Tiba-tiba kepalanya sakit. Sakitnya menjalar ke seluruh tubuh. Pusing. Dunia serasa berputar. Nyawanya seperti ada yang menarik. Lalu tak sadarkan diri.
Seminggu setelah kejadian itu, Rifqi berjalan di antara nisan-nisan bisu di pemakaman nasrani. Di sebuah nisan bertuliskan ‘Natasha’, dia terhenti. Ia hanya terdiam. Tak perlu berdoa.
Rasa cinta yang dulu meliputi hatinya berubah menjadi rasa benci yang begitu besar. Karena gadis itu, dia hampir meninggalkan agamanya. Meninggalkan agama yang akan mengantarnya ke surga Allah. Dia tak pernah bersedih mengetahui bahwa gadis itu telah tiada. Dia sempat menyesal pernah mencintai Natasha. Tapi saat ia pulang ke rumah, dia menemukan surat dari Natasha, yang menyatakan bahwa Natasha mulai tertarik ada agama Islam. Rifqi hanya dapat menyesali bahwa ia tidak dapat membantu dan menuntun Natasha ke jalan Allah.
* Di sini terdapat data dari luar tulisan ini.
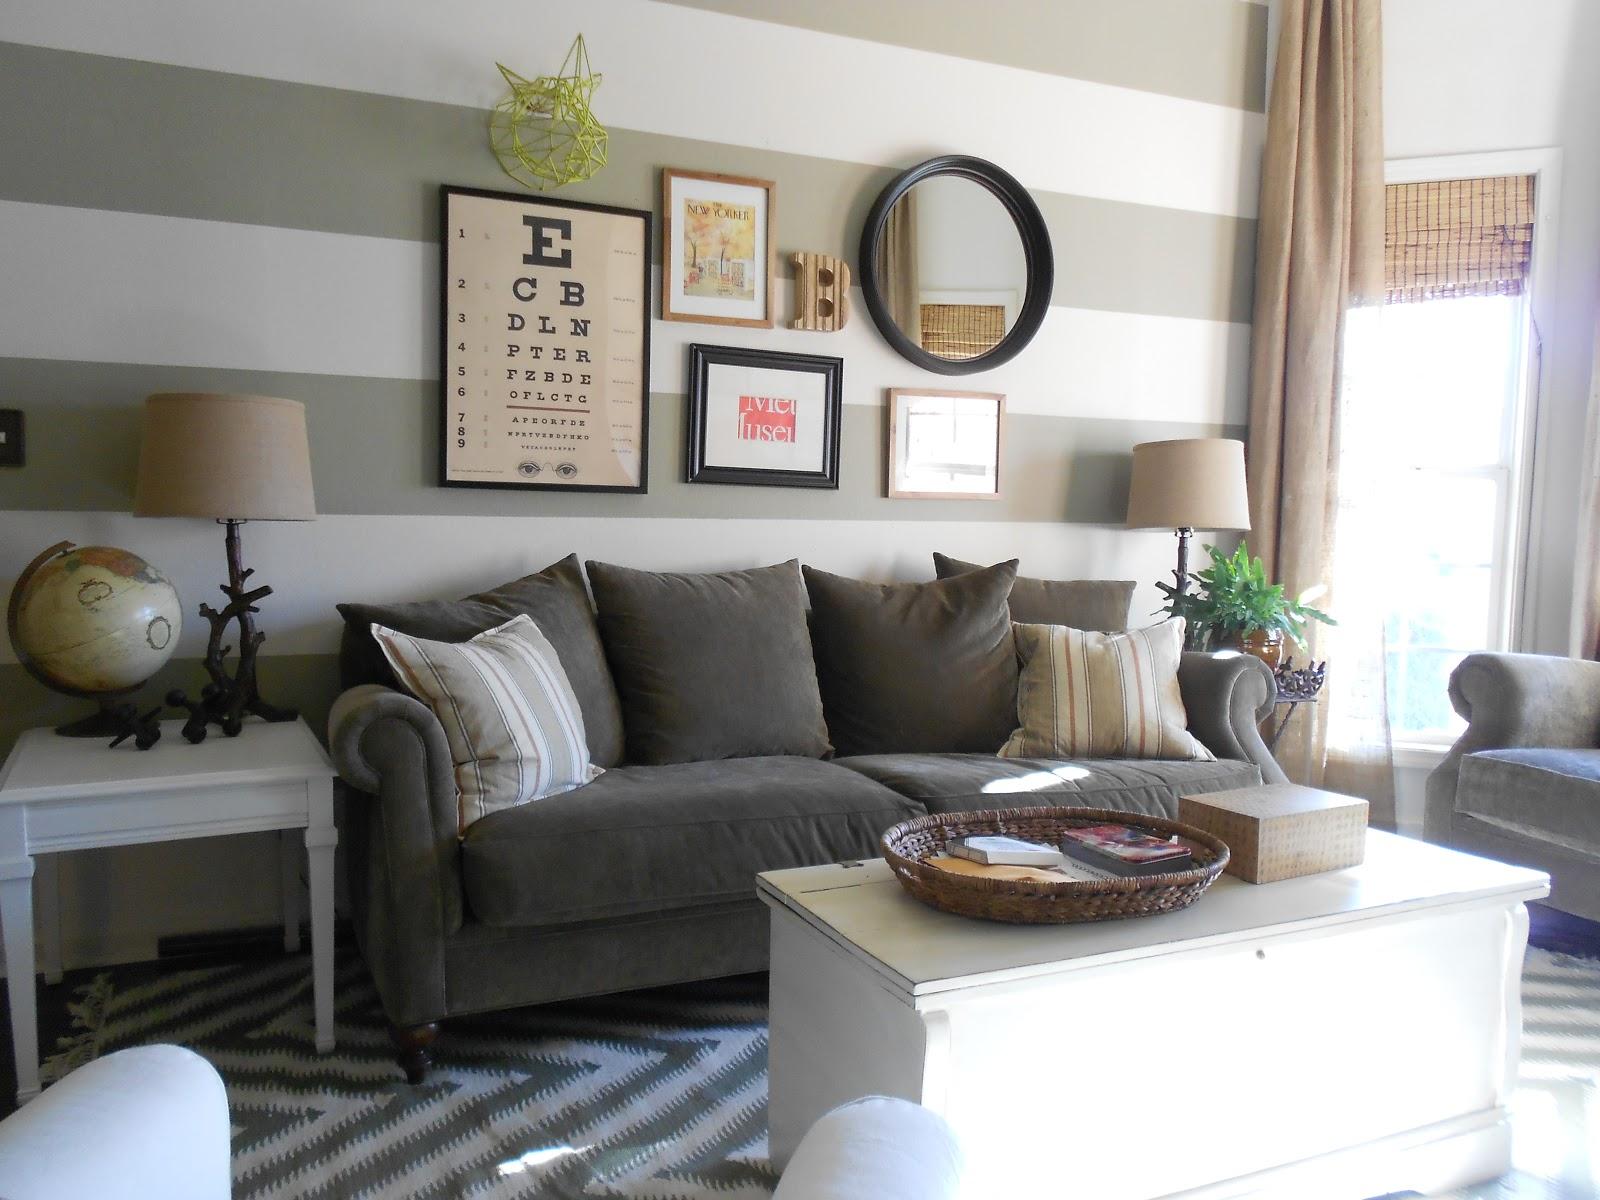 House Tweaking-The Playroom - Oak House Design Co.

Tapi baginya yang penting sekarang adalah ia akan memeluk Islam hingga akhir hayatnya. Sampai malaikat menjemputnya. Dia menyerahkan segala urusan pada Allah. Termasuk mengenai jodoh. Karena Allah telah berfirman dalam QS Ar-Rum: 21, Dan di antara tanda-tanda kekuasaanNya ialah Dia menciptakan untukmu isteri-isteri dari jenismu sendiri, supaya kamu cenderung dan merasa tenteram kepadanya, dan dijadikanNya di antaramu rasa kasih sayang. Sesungguhnya pada yang demikian itu benar-benar terdapat tanda-tanda bagi kamu yang berpikir. Dia yakin Allah telah menyiapkan seorang perempuan sholehah yang sepadan dengannya untuk menemaninya beribadah bersama pada Allah.
Sebuah kejadian tak patut untuk ditangisi. Tapi untuk dikenang dan untuk diambil pelajaran dan hikmah yang terkandung dalam kejadian tersebut. Baginya, Islam adalah satu-satunya agama yang dapat mengantarkannya ke surga Allah. Karena hanya Islam lah agama yang dimiliki oleh Allah (QS Ali Imran:19).